Comparative analysis with genetic maps of two Asterid and two Rosid species
Fifty base pairs of flanking sequences from both sides of the mapped green ash SNP markers were searched against the tomato, poplar and peach genomes (Phytozome v10.0) and coffee genome (Coffee Genome Hub) using BLASTN with an e-value threshold of 1e-5. Circos v0.69 was then used to plot synteny between green ash genetic maps and chromosomes of tomato (Krzywinski et al. 2009), coffee (Denoeud et al. 2014), peach (Arús et al. 2012) and poplar (Tuskan et al. 2006). To plot the syntenic regions, cM distances on the genetic maps of green ash were converted to base pairs using an averaged cM/bp value, based on the total linkage length in cM of the map and the estimated total genome size of green ash (i.e. 961Mb) (Staton et al, 2015).
Results
Enzyme selection
We tested whether one of the commonly used restriction enzymes would generate an appropriate distribution of fragment lengths across the genome of green ash (Fig. 1). Fragment size distribution was checked on the Bioanalyzer 2100 HS-DNA chip (Agilent Technologies, Santa Clara, CA, USA) (Fig. 1). All three enzymes yielded a large number of fragments ranging between 150bp and 500bp, which were suitable for the GBS approach. However, since both ApeKI and EcoT22I showed some repetitive peaks and a small proportion of fragments greater than 500bp, we selected the enzyme PstI to construct GBS libraries for green ash.
Assessment of GBS libraries using three different restriction enzymes. (A) GBS libraries prepared with ApeKI; (B) GBS libraries prepared with EcoT22I; (C) GBS libraries prepared with PstI.
Genome-wide identification of SNPs
To identify genome-wide SNPs from green ash, the 6-base cutter restriction enzyme PstI was used to digest the genome and construct the 96-plex GBS libraries of the 91 individuals in the F1 population and their male and female parents. A total of 63,540 putative SNPs that had a MAF of 1% were identified using the TASSEL GBS pipeline. With a maximum of 20% missing genotype data, 5,712 SNPs were retained for map construction. The frequency of SNP occurrence across the genome is summarized in Table 1. In general, the frequency of transitions (63.65%) was higher than transversions (35.83%). The most widespread variation was A/G (31.86%) while the least common variation was C/G, accounting for 6.53% of the total detected SNPs. We observed a transition:transversion (Ts/Tv) ratio of 1.78, which was similar to the observations for other plant species (Gaur et al. 2015; Pootakham et al. 2015). A set of bi-allelic SNPs were scored as lm x ll, nn x np and hk x hk. By using a stringent cutoff of 10% missing data, 2,729 high quality and polymorphic SNPs were retained for further analysis. A total of 727 and 1,548 SNPs were polymorphic in maternal and paternal parents, respectively, while 454 SNPs were polymorphic in both parents.
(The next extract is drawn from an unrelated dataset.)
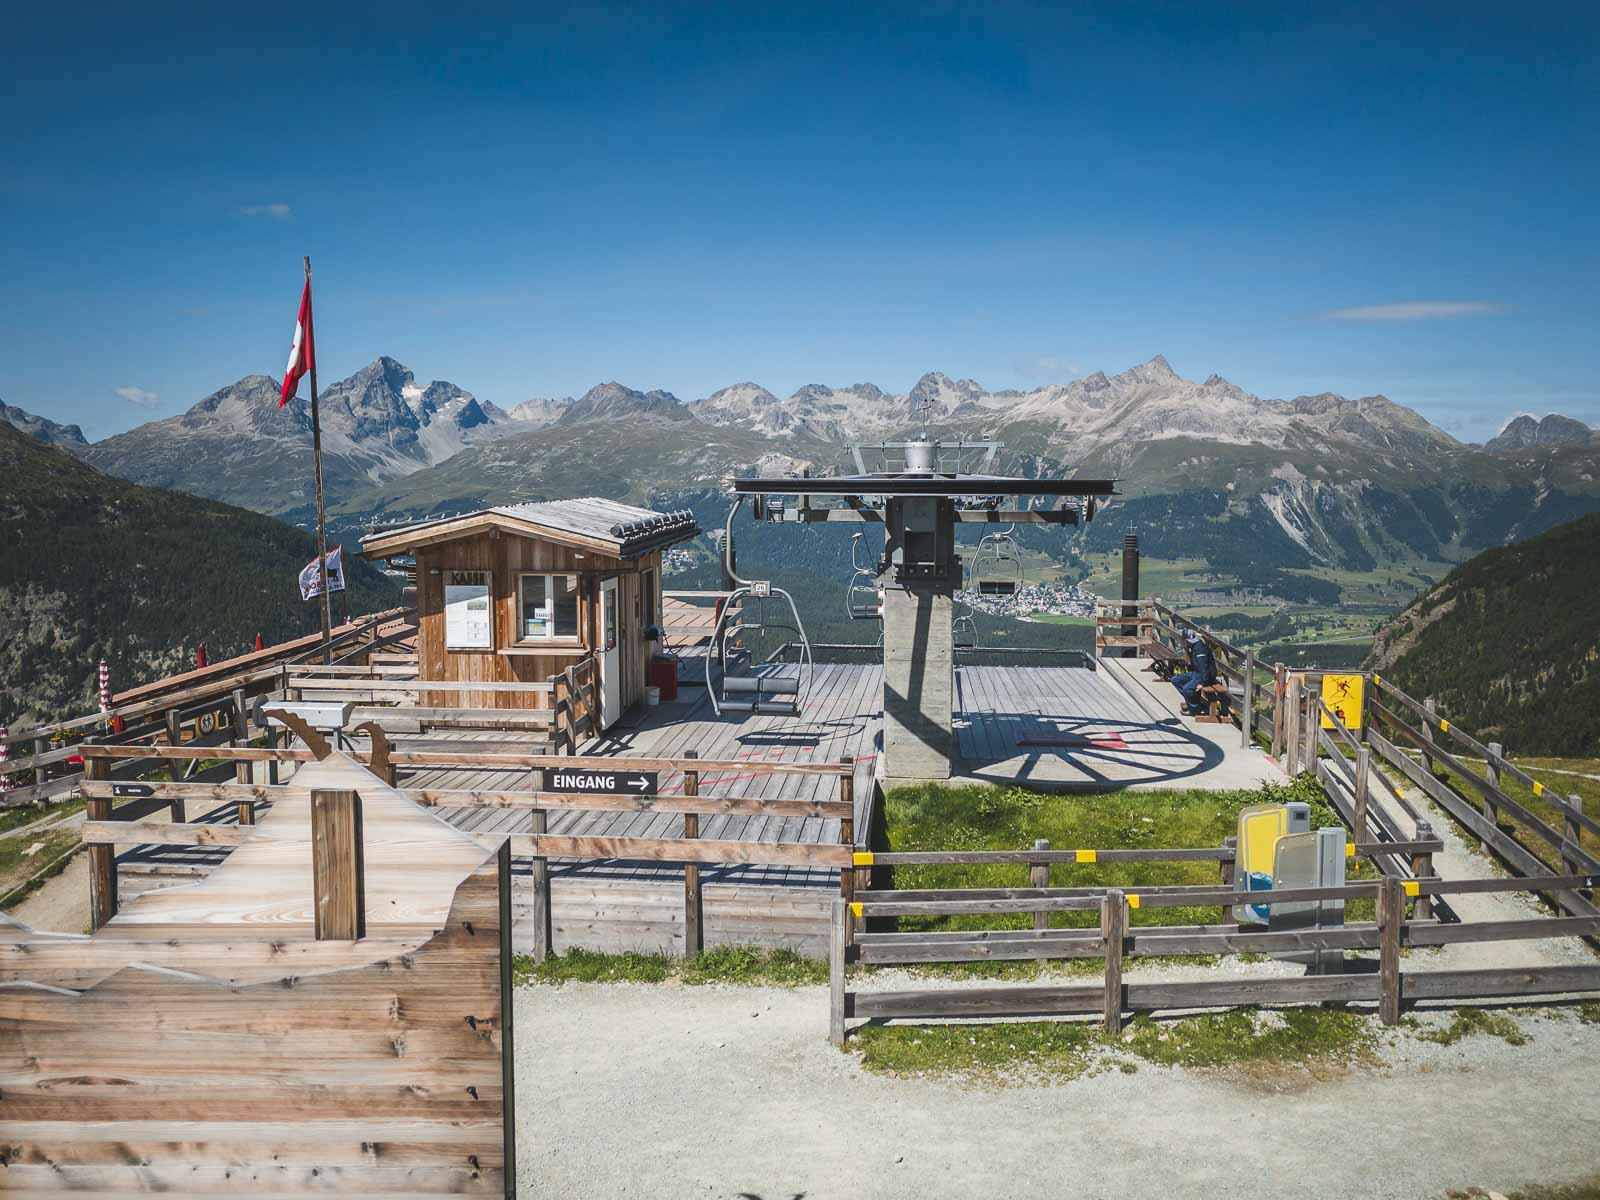 Alp Languard in St. Moritz Switzerland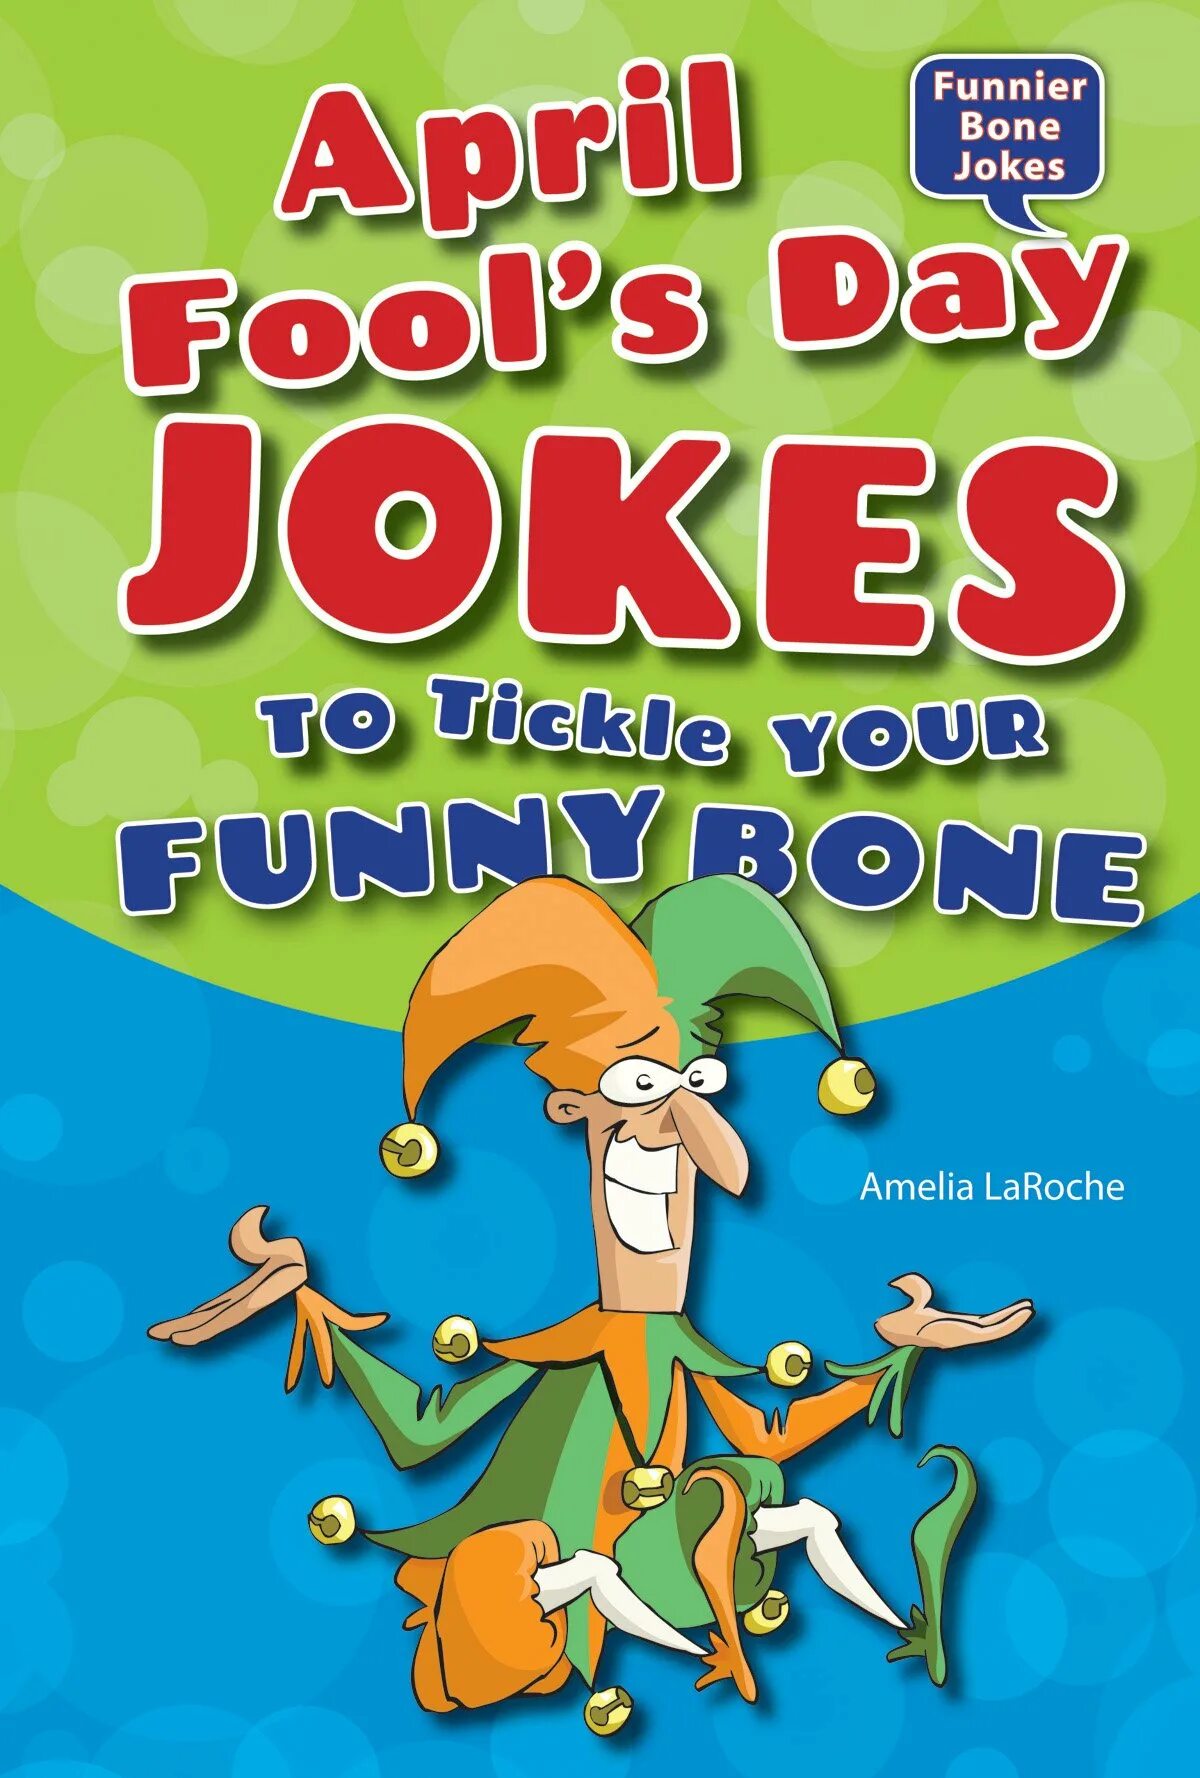 April jokes. April Fool's Day jokes. Fools Day jokes. April Fool's Day tongue Twisters. April Fool's Day jokes in English.

Polymorphism of EST-derived and genomic SSR markers in F1 mapping population
SSR polymorphism assessment was first examined in six randomly selected F1 progeny and the two parents using non-fluorescent primers. Among the 352 EST-derived and 252 genomic SSR primer pairs, 84 (13.91%) successfully amplified polymorphisms between the two mapping parents, including 30 EST-SSR and 54 gSSR markers. The 84 pairs of primers and related information including primer name, motif type, forward and reverse primers, and expected product size are listed in Table S1. Sequences associated with 30 EST-SSRs were aligned by BLASTX against the GenBank non-redundant (nr) protein database with an e-value cut-off of 1e-5. The BLASTx search results showed that 19 (63.33%) of the 30 polymorphic EST-SSR loci are markers for known or uncharacterized protein coding genes (Table S1).
Construction of genetic linkage maps
Chi-square tests were performed to test for deviation from the expected Mendelian segregation ratio. Of the 2731 polymorphic SNPs (<10% missing data), 902 markers (33.02%) showed significant segregation distortion (P ≤ 0.05). Severe distortion (SD) was detected in 604 SNP markers (P≤0.001) while 298 SNP loci were moderately distorted (0.001<P≤0.05).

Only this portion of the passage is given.